Russian first deputy prime minister Anatoly Chubais has taken the politically risky step of defending Alfred Kokh, former deputy premier and head of the State Privatization Committee who is presently under investigation in a bribery case. The two men are old colleagues and friends. President Boris Yeltsin dismissed Kokh in August, making him the scapegoat for several controversial privatization auctions during the summer and accusing him of being "partial" toward Oneksimbank, Russia’s largest commercial bank and one that beat out rival banks to win the deals. Since then, allegations have surfaced that Kokh took a $100,000 advance for an as yet unwritten book from an obscure Swiss publisher believed to have links to Oneksimbank. Earlier this week, the Moscow’s procuracy announced an investigation to determine whether the book deal was really a bribe. The prosecutor’s office said the fee was well above the income a publisher could expect from the publication of a scholarly study, and that Kokh signed the book deal with the help of Dmitry Ushakov, deputy head of Oneksimbank. Kokh has revealed that he spent some of the money on a summer holiday in France with Oneksim chairman, Vladimir Potanin. (AP, October 1)

Chubais defended Kokh yesterday, calling him "a man of integrity" and saying the investigation was based on "a pack of lavishly-funded lies" specially commissioned by newspapers owned by Oneksimbank’s rivals. "I have known Kokh for ten years and I know he is an honest man," Chubais told journalists yesterday. Chubais said that, before the start of the summer auctions, he warned interested bankers that none of them would have an easy time during tenders. In reply, he said, he received threats of media attacks and warnings that "criminal proceedings will be mounted against you and your friends." (Itar-Tass, October 1)

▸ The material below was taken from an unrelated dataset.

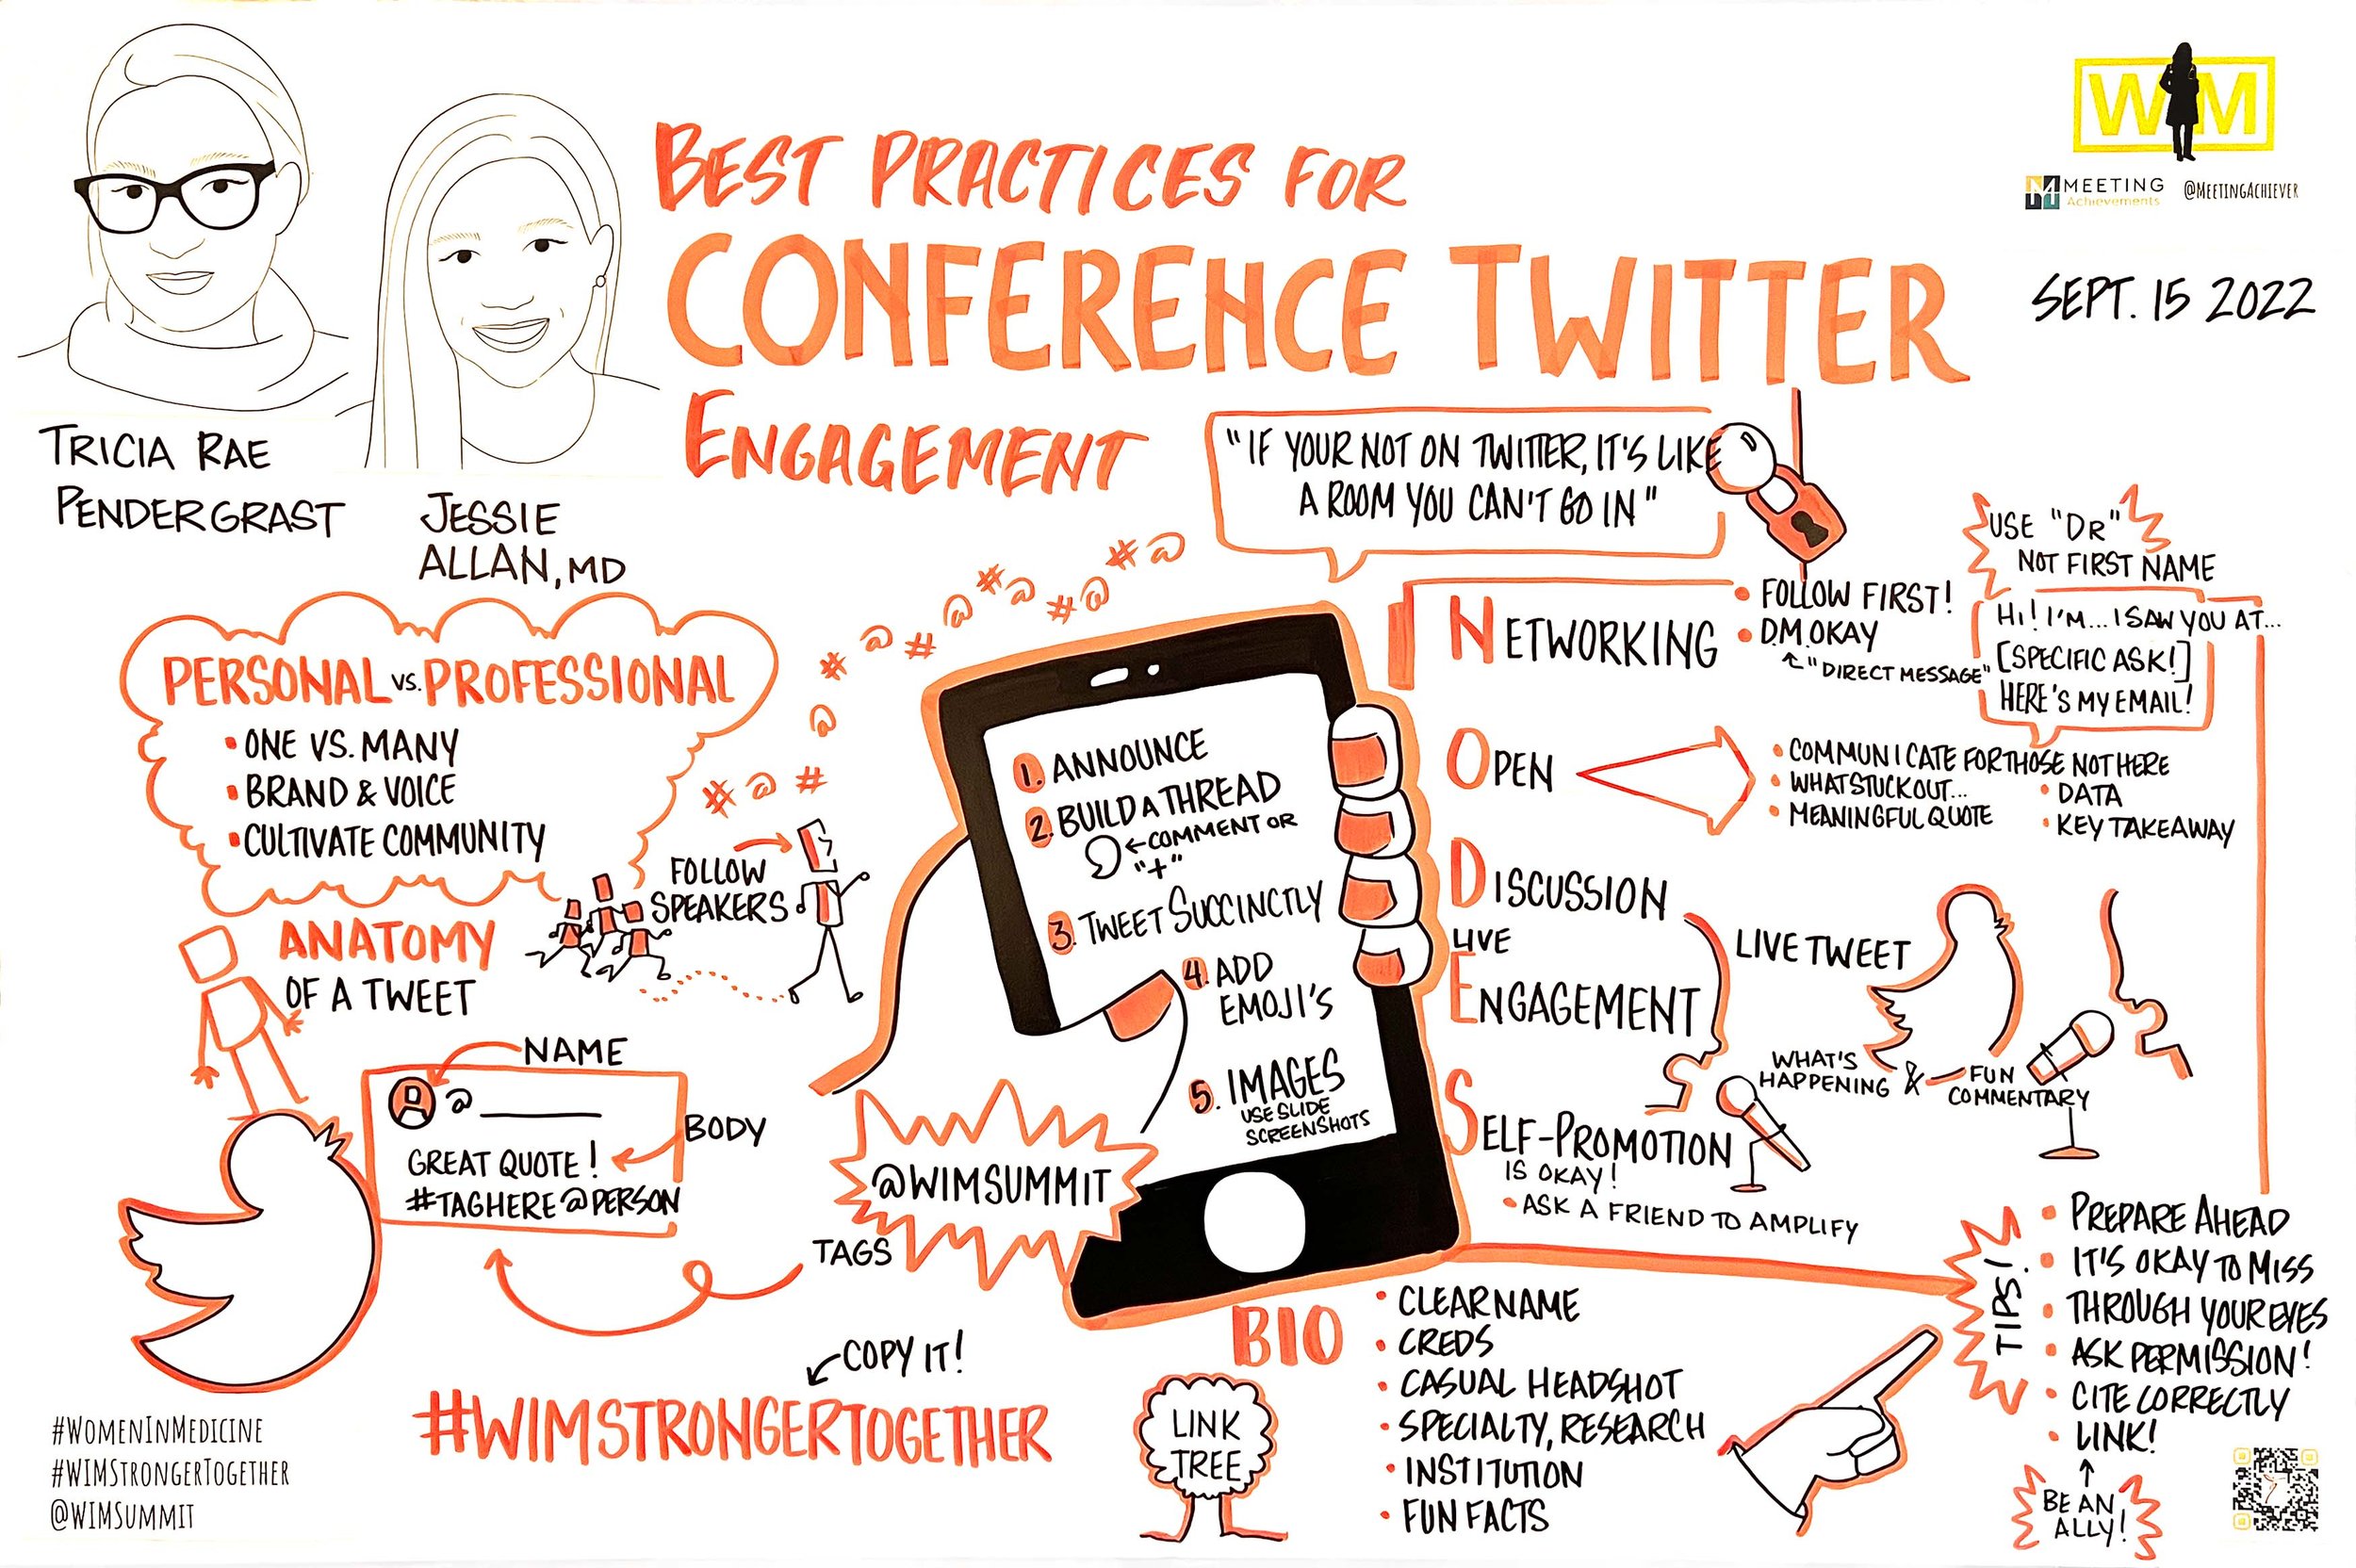 1_Meeting Achievements_WiM 2022_Best Practices for Conference Twitter Engagement_20220915.jpg

Public opinion is convinced that the summer’s privatization auctions were fraudulent and Chubais’s defense of his former colleague is unlikely to do either man much good. But, while Yeltsin made Kokh the scapegoat for the summer’s scandals, he has signaled continuing support for the privatization process this week by promoting the government agency Kokh used to head from a state committee to a ministry. The move has little practical but much symbolic importance.